Em dezembro de 2022, a mídia brasileira publicou fotos de crianças Yanomami desnutridas que chocaram o país. Os povos indígenas da Amazônia viveram por muito tempo da caça, da agricultura e da coleta de alimentos e recursos da abundante floresta tropical. Mas a invasão das suas terras pelo Estado brasileiro, pelas empresas, pelos madeireiros ilegais e pelos mineiros ilegais condenou-os agora à fome e às doenças.

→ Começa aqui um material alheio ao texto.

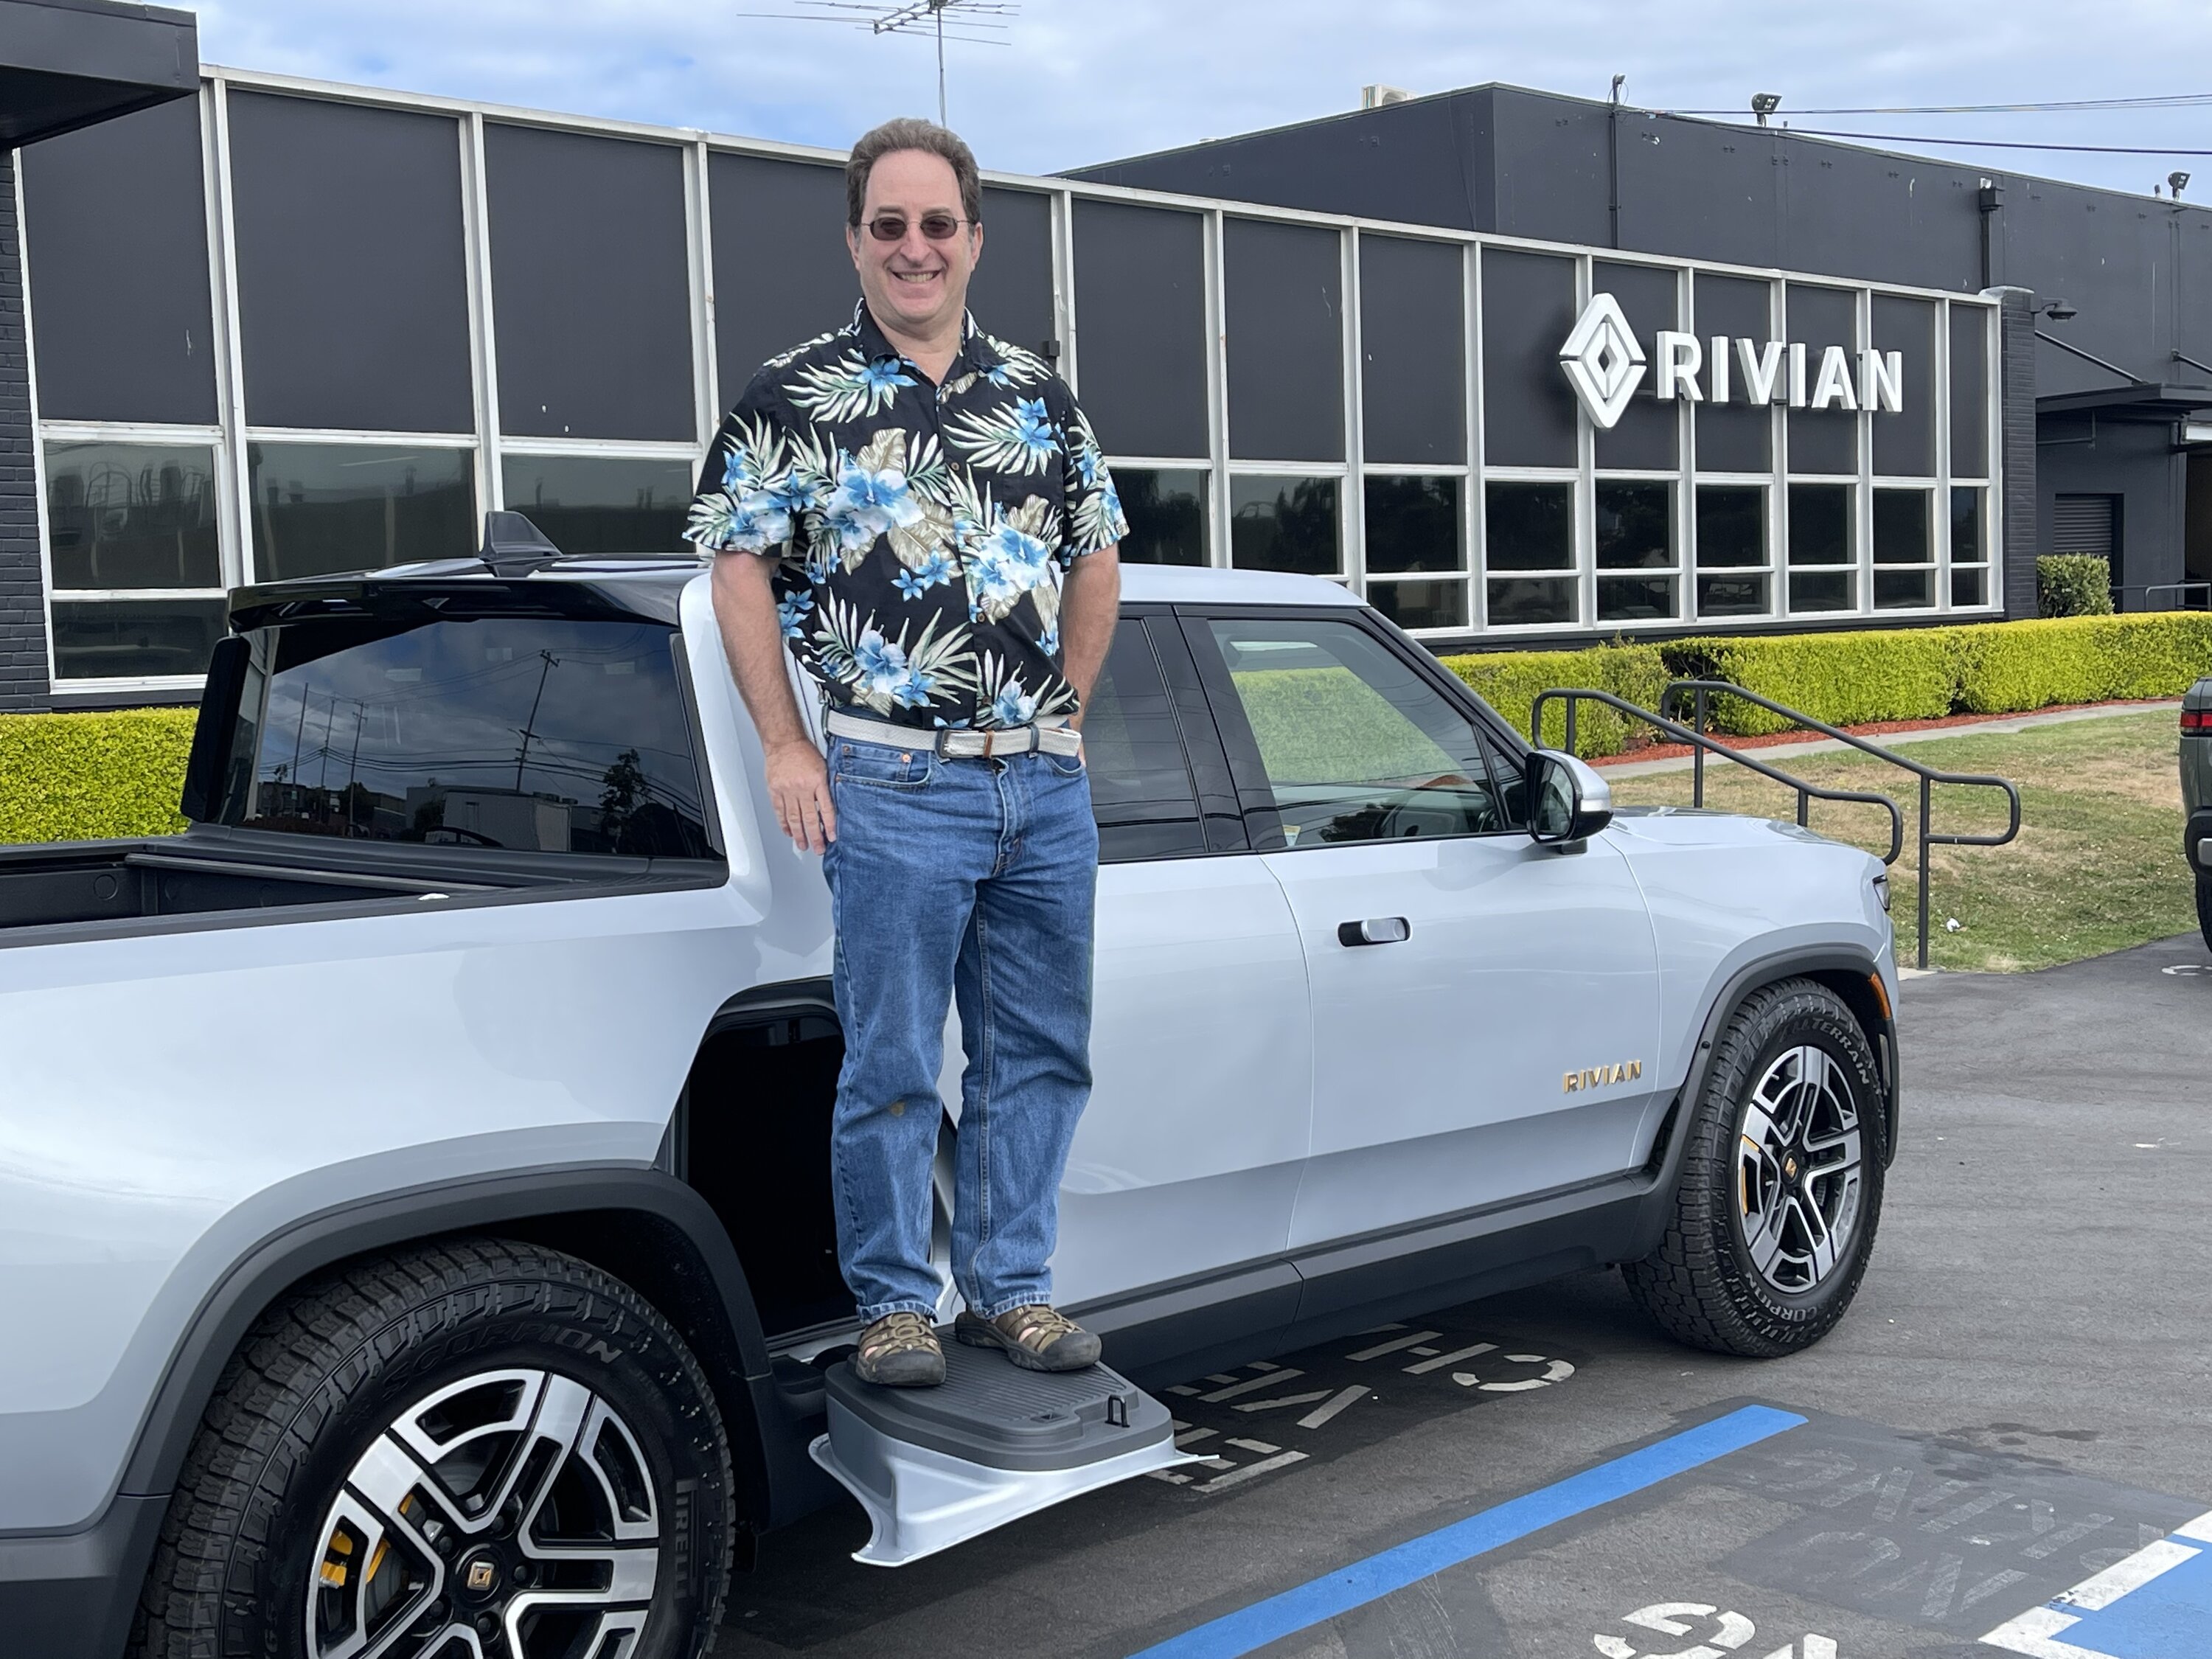 Rivian R1T R1S 📸 Post Your Best Photo Here For Year-End Rivian Mosaic! B46F658C-11FB-45C4-90F2-44E0FDEB57F1

Logo após assumir o cargo, em janeiro de 2023, o presidente Luiz Inácio Lula da Silva apressou-se em enfrentar a crise. Ele visitou a comunidade Yanomami no norte do estado de Roraima e declarou que estava acontecendo um “genocídio” contra os povos indígenas, atribuindo a culpa ao seu antecessor, Jair Bolsonaro. Ele prometeu agir e acabar com o sofrimento dos povos indígenas.

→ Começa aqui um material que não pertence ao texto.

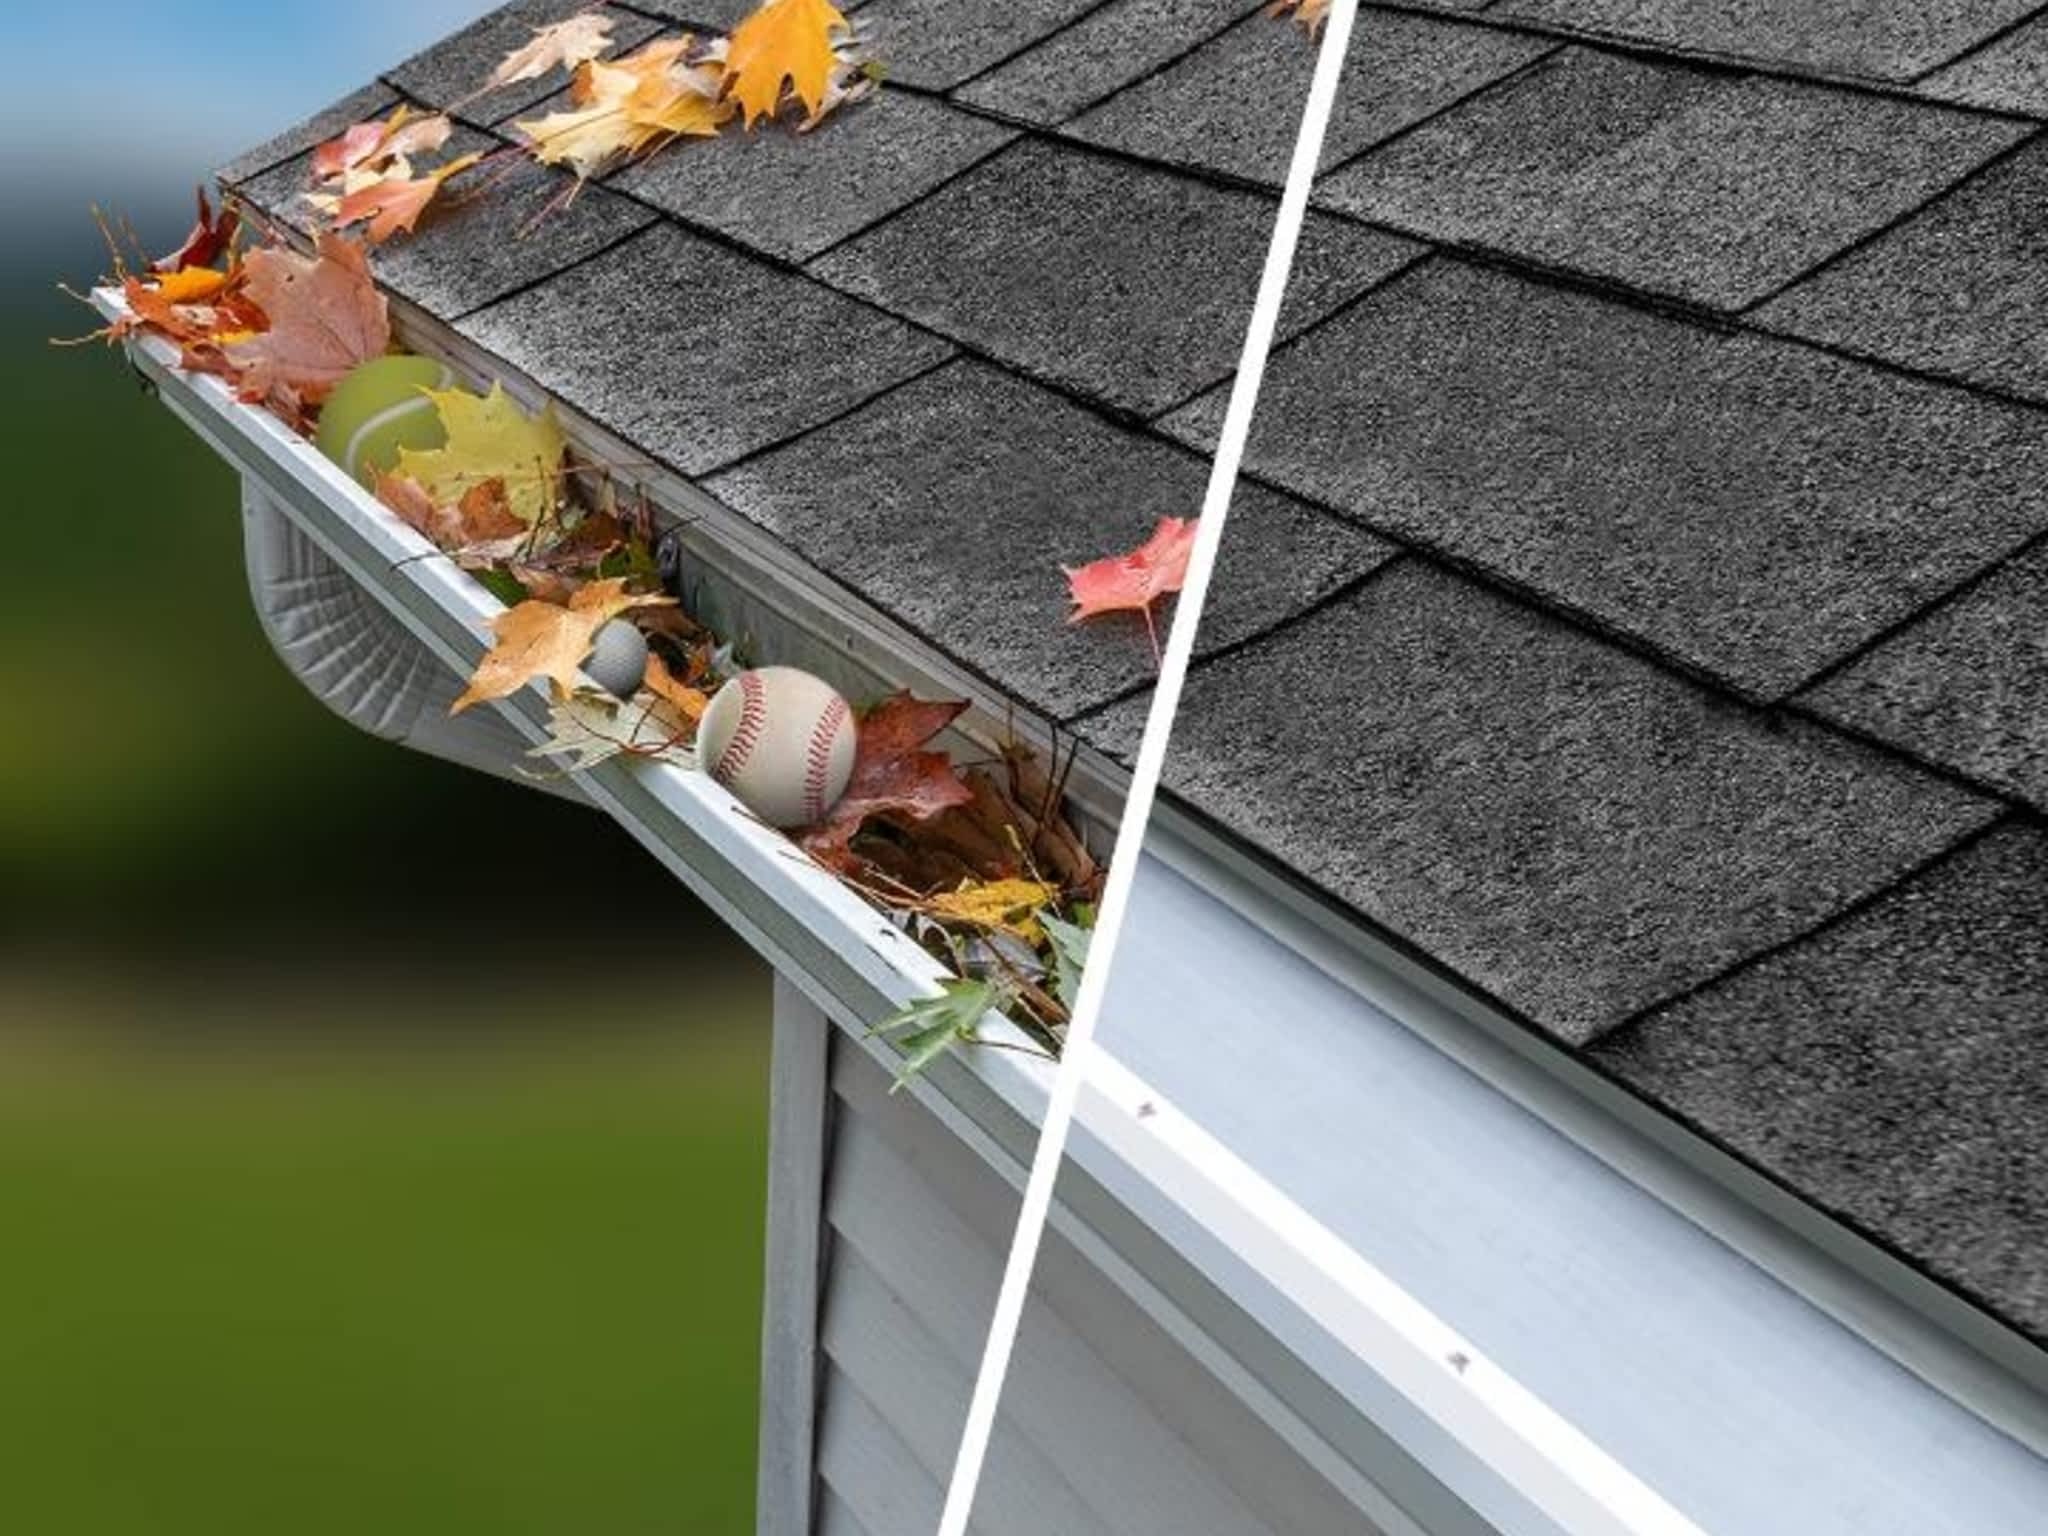 photo LeafFilter Gutter Protection

Hoje, um ano depois de Lula ter feito sua promessa, os Yanomami ainda não presenciaram uma mudança radical em suas vidas. Apesar das medidas tomadas pelo governo Lula, expulsando milhares de garimpeiros ilegais, a crise no estado de Roraima persiste. Muitos mineiros ilegais regressaram e os povos indígenas continuam a sofrer de doenças e desnutrição.

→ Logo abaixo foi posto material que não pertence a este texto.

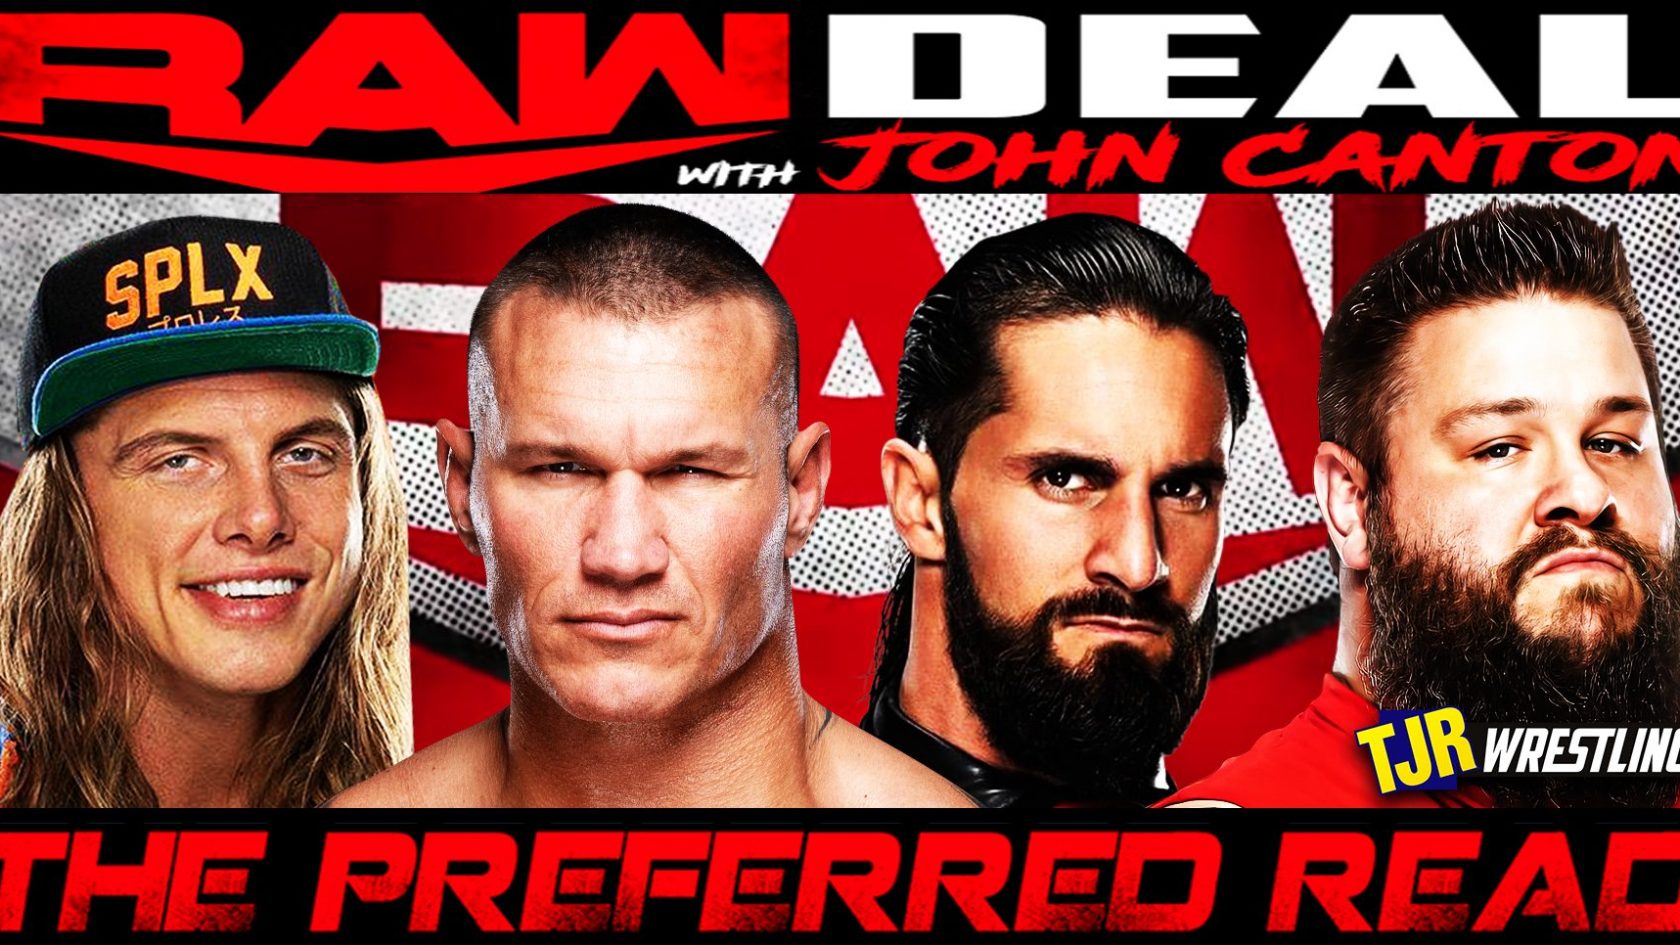 The John Report The WWE Raw Deal 04 17 17 Review TJR Wrestling

Em mensagem de áudio à imprensa, o líder indígena Dario Kopenawa, da Associação Hutukara Yanomami (HAY), disse: “Temos visto muitas operações para erradicar os garimpeiros das terras Yanomami e também sobre a crise humanitária e sanitária. Porém, a precariedade ainda reside no território Yanomami.”
Na verdade, os esforços do governo Lula não melhoraram muito a situação porque as raízes da crise são muito mais profundas do que as políticas desastrosas da presidência de Bolsonaro. Enfrentá-lo exigiria uma ação radical.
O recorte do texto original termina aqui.